Coping with Uncertainty and Mental Health

uncertainty

Man in his natural curious state makes uncertainty an unpleasant feeling, due to his desire to predict, understand and control events surrounding him he finds the uncertainty seriously discomforting. The inability to predict the future can make one worried and think of many scary possibilities which could lead to loss in confidence, as a result of this, the mind becomes unsettled and the feeling can be uncomfortable. Difficulty in coping with uncertainty and the re-occurrence of this difficulty could affect one’s mental health, in that the situation could keep feeding anxiety and worry. The inability to cope with uncertainty could be a risk to depression.

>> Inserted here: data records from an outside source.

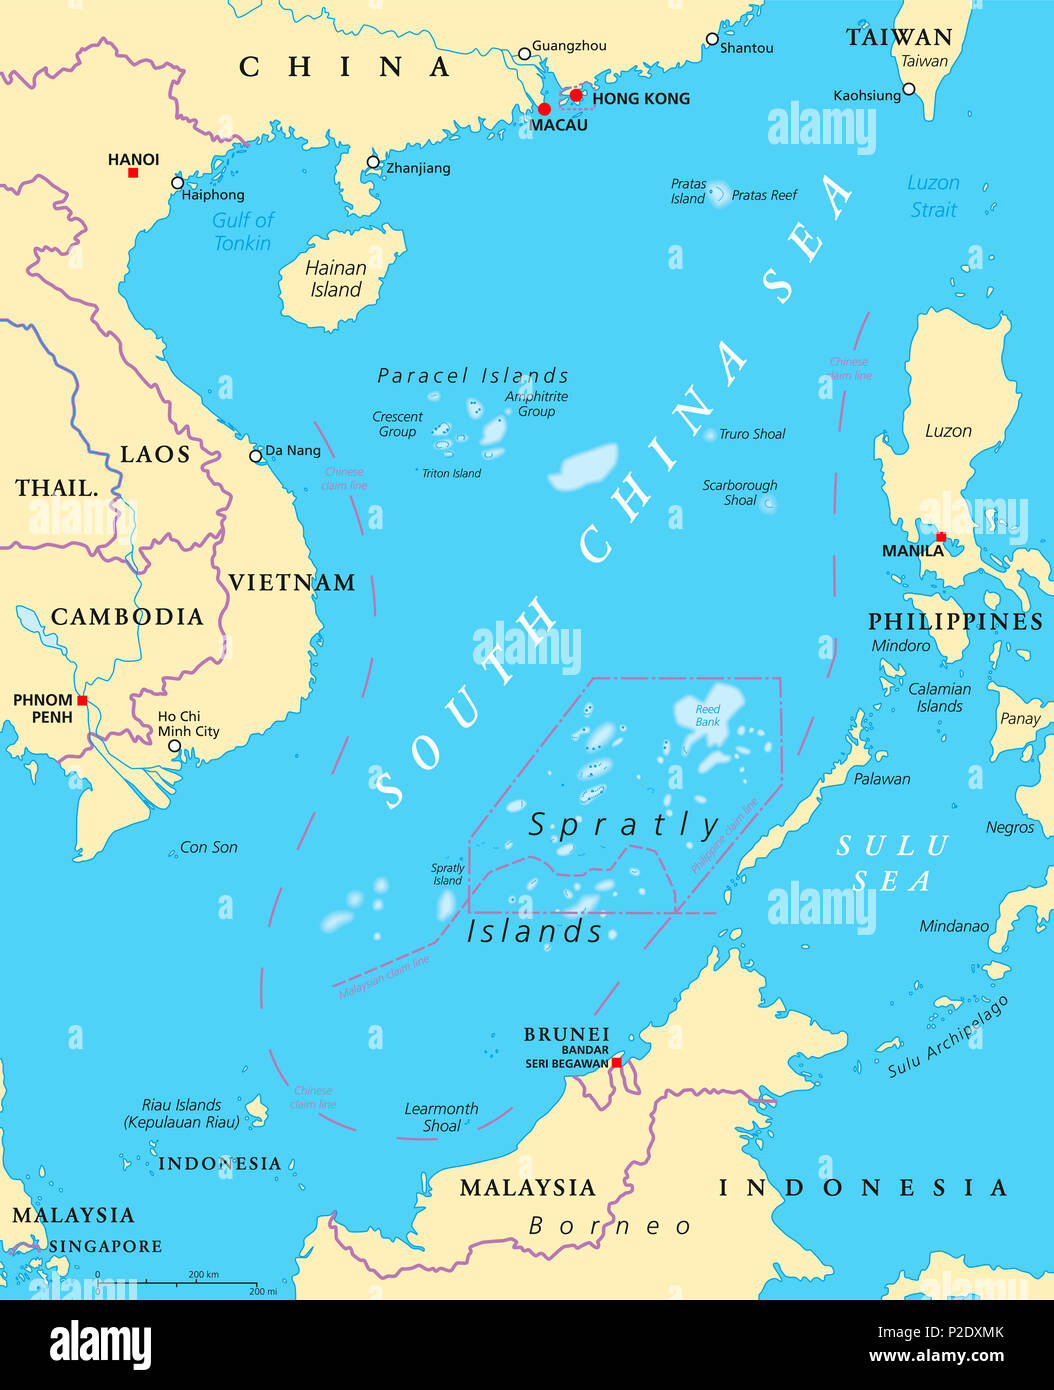 Las islas del Mar del Sur de China, el mapa político. Islas Paracel y Spratly. Parcialmente reclamadas por China y otros estados vecinos. Ilustración. Foto de stock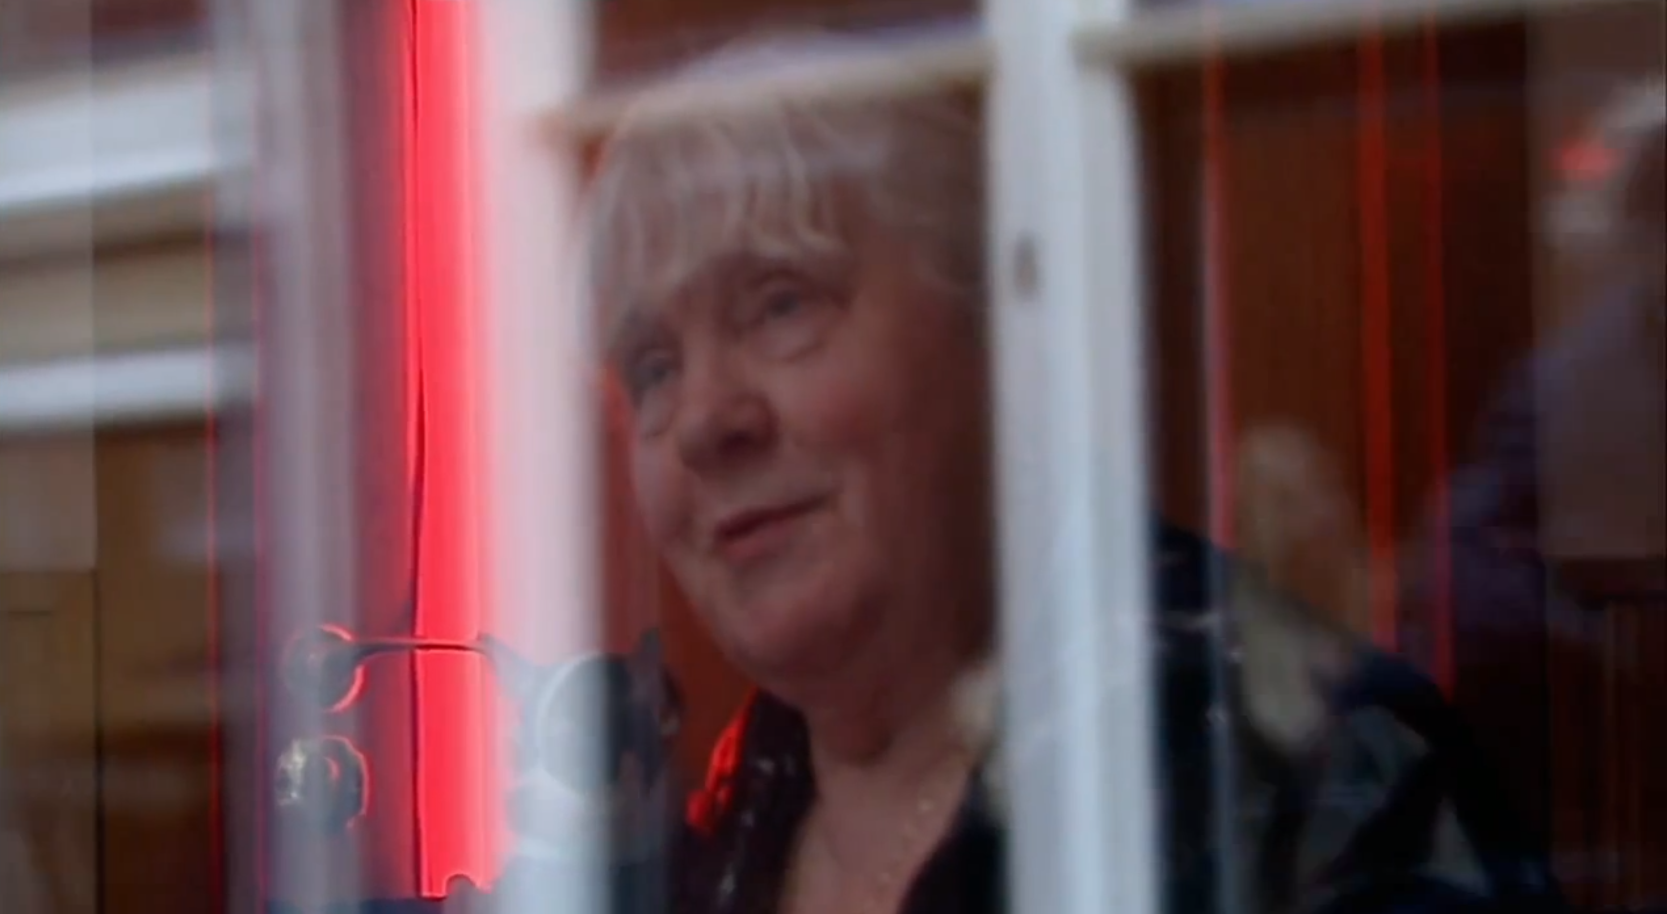 Martine Fokkens försöker fortfarande locka kunder genom ett fönster.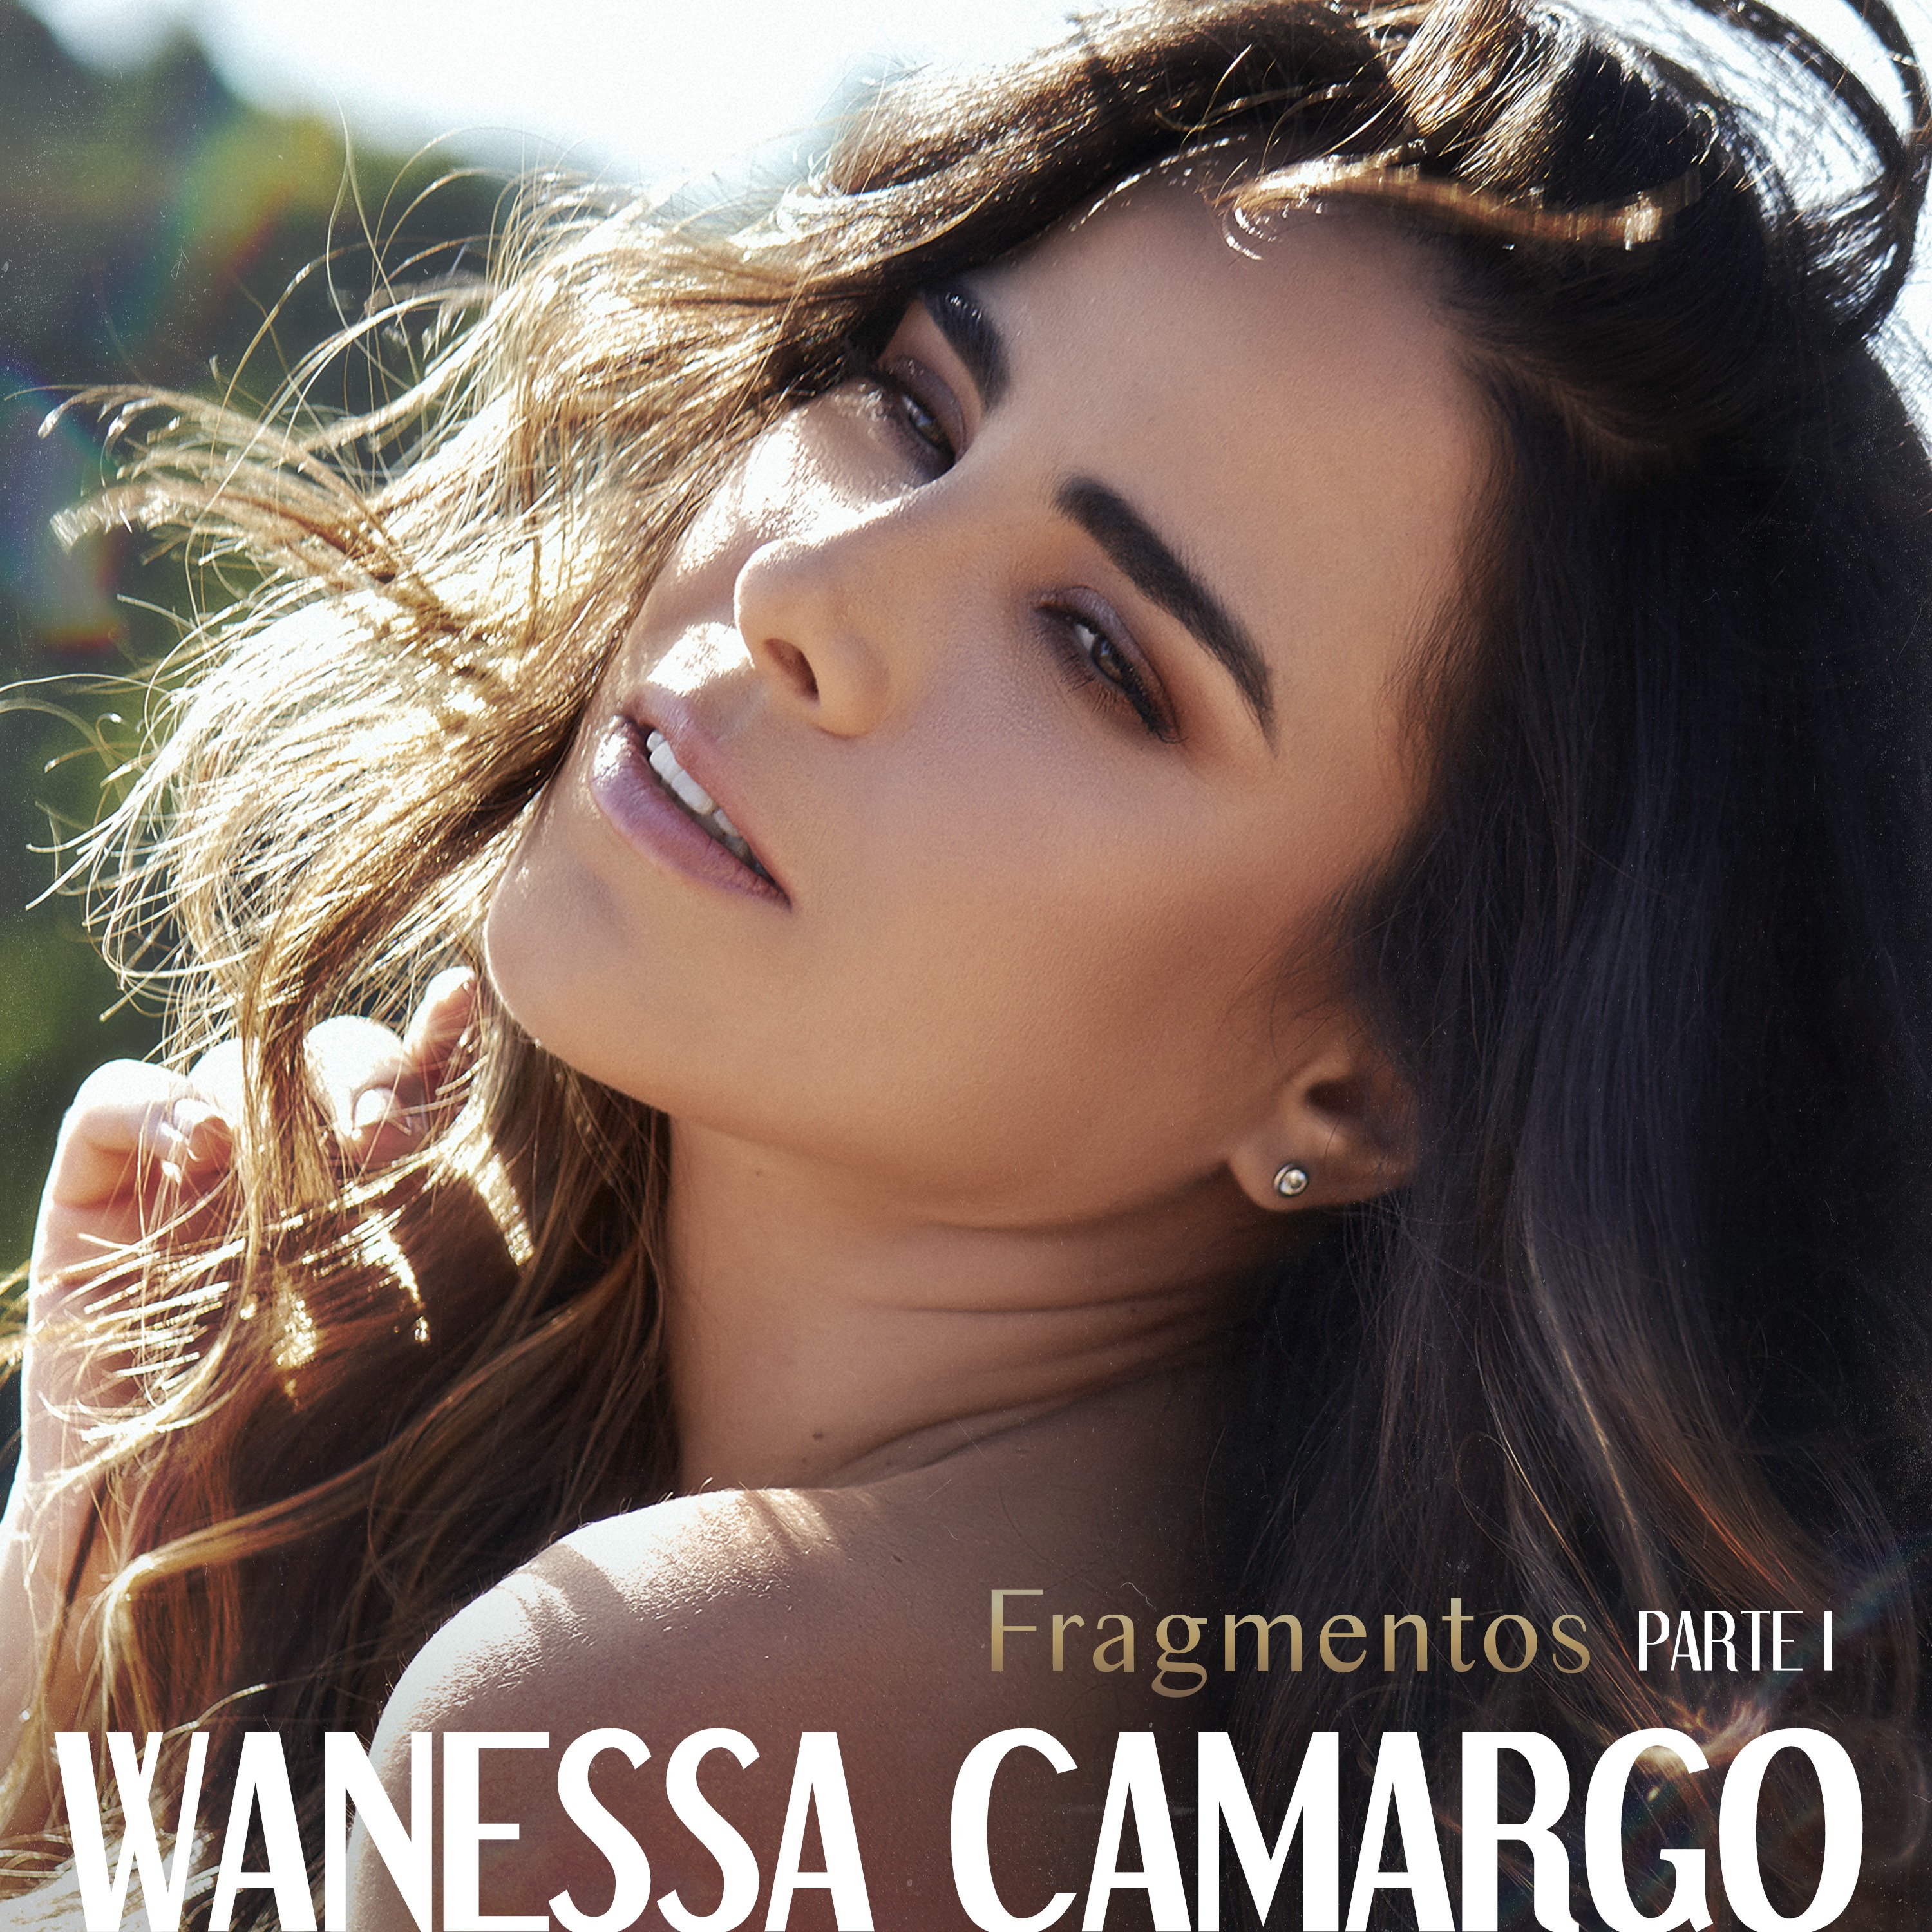 Wanessa Camargo comemora 20 anos de carreira com projeto que contará sua trajetória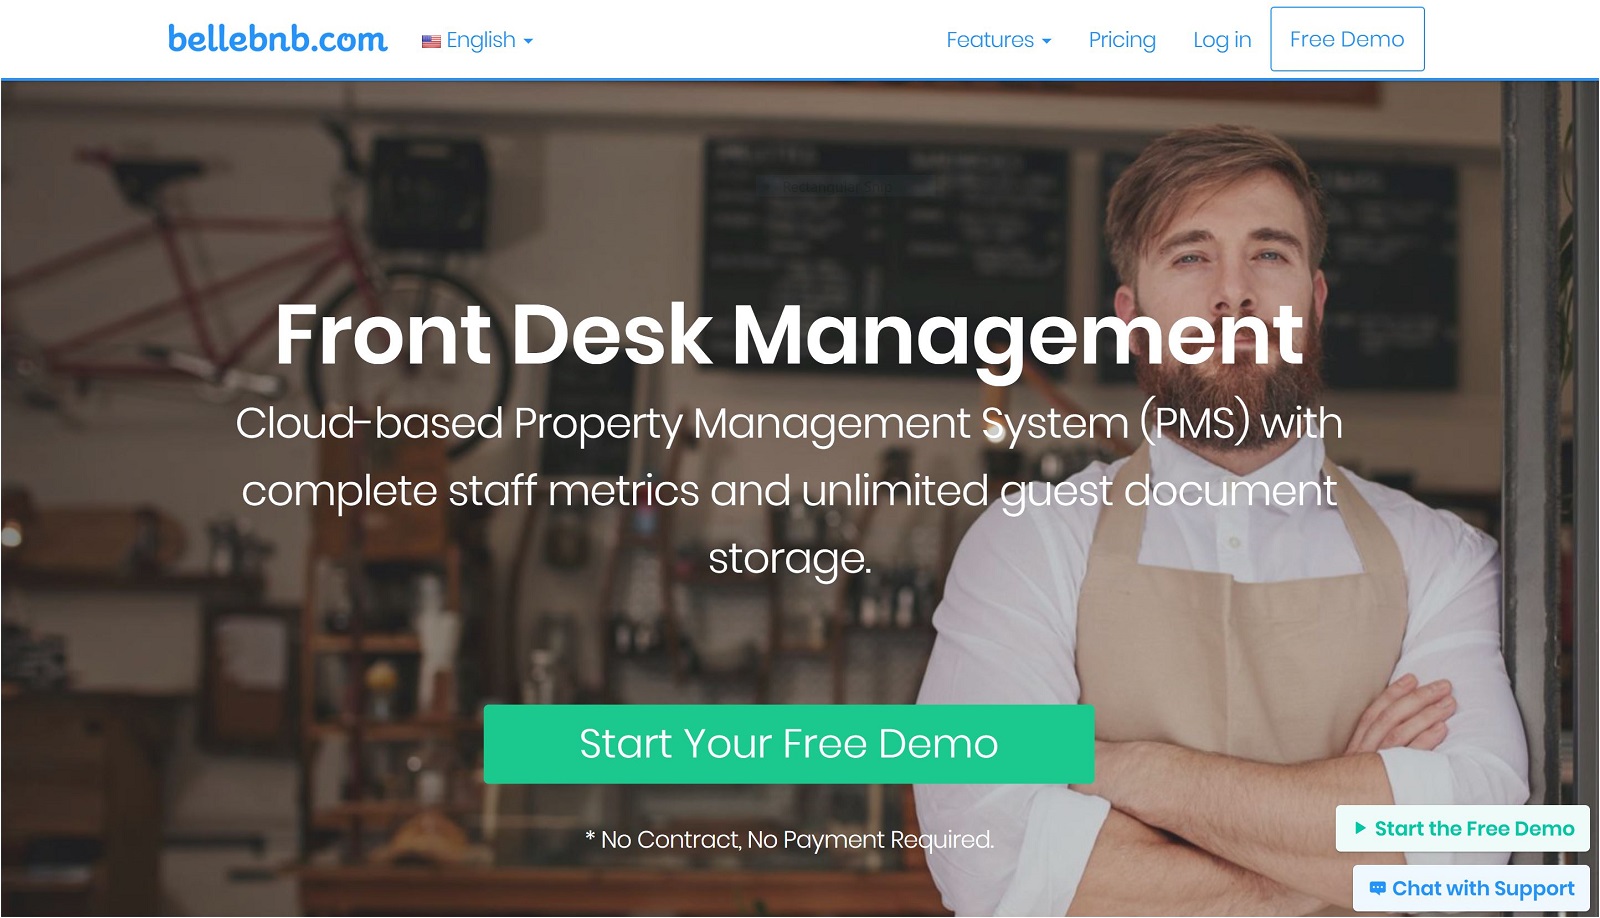 Bellebnb.com Hotel FrontDesk Management Software

Few studies have been carried out to test the linkage between the inability to cope with uncertain events and mental health. Though most of these events may seem possible such as in the lab where uncertainty is seen in a problem as limit to what can be accepted and in therapy as managing of problems by channeling thoughts or actions. The study checks if the difficulty to cope with uncertainty can be linked with mental health and more importantly if it causes mental health difficulties.

How we react to uncertainty affects the mental health cannot be explained with all certainty but based on research carried out on the topic some possibilities can offered. In the mixture of findings, the best evidence that inability to cope with uncertainties can affect one’s mental health was related to anxiety, having uncertainty as a necessity for any kind of anxiety. As a matter of fact, from a number of studies it was found that it could cause or aggravate symptoms of anxiety, simply because struggling with cope with unpredictable events could make us worried. “I’m kind of a believer that there are no clear-cut points between sub-clinical and diagnosed anxiety” Grupe says “it is a continuous spectrum where uncertainty plays an increasing role, increasing the suckiness of unpredictability”

The inability to cope with uncertainty might assist in understanding depression, evidence from some studies suggests that one’s mood can be dampen when we are unable to predict future events, and it is known that low mood can be associated with depression but not with all certainty therefore needing more investigation. There is also little evidence relating the difficulty to cope uncertain situations and OCD symptoms such as obsessions and compulsions, needing more research.

Understanding the risk factors relating to common health disorder (CMD) can help provide improvement in support for many people with such experience. Over the years, psychologists have been suggesting that the risk factors of one mental health condition can be similar to others.